# [Problem requirements]
Within the material below, transcribe exactly the lines from the one holding "Bryant 583B, 702B, 683B" through the one holding "4 Surprising Benefits", keeping both ends and skipping the rest.

# [Extracted entries]
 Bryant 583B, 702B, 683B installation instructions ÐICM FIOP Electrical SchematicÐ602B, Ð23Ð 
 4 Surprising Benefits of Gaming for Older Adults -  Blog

---

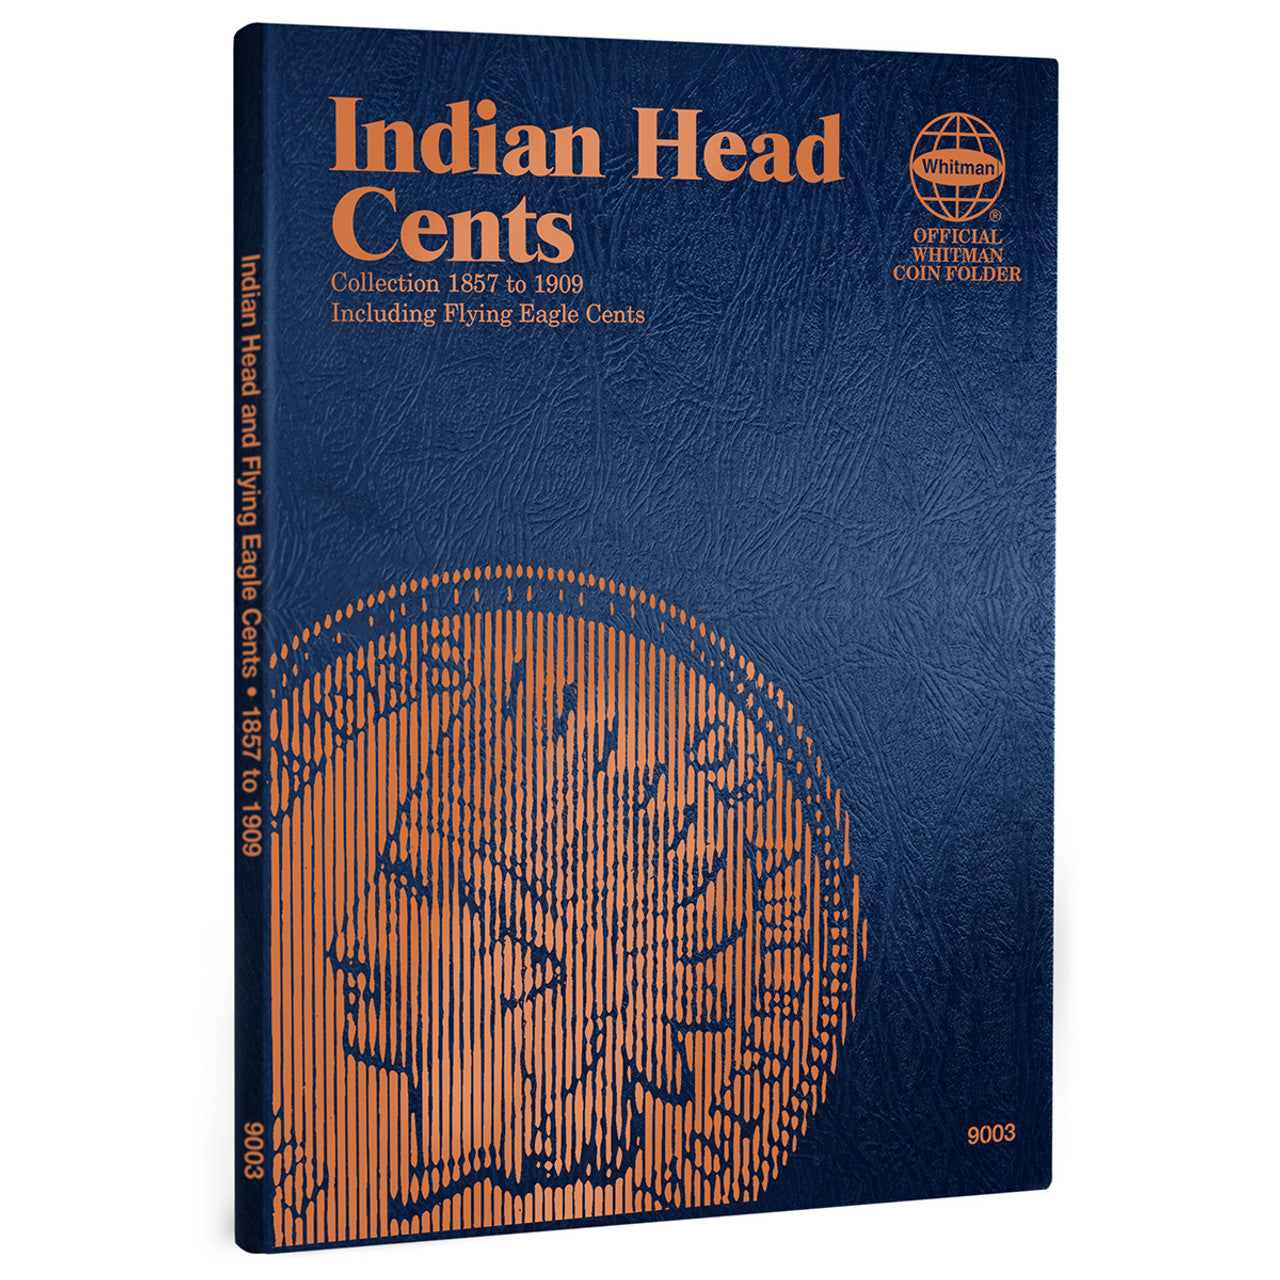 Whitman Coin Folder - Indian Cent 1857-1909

# [Output of the exercise]
 Bryant 583B, 702B, 683B installation instructions ÐICM FIOP Electrical SchematicÐ602B, Ð23Ð 
 4 Surprising Benefits of Gaming for Older Adults -  Blog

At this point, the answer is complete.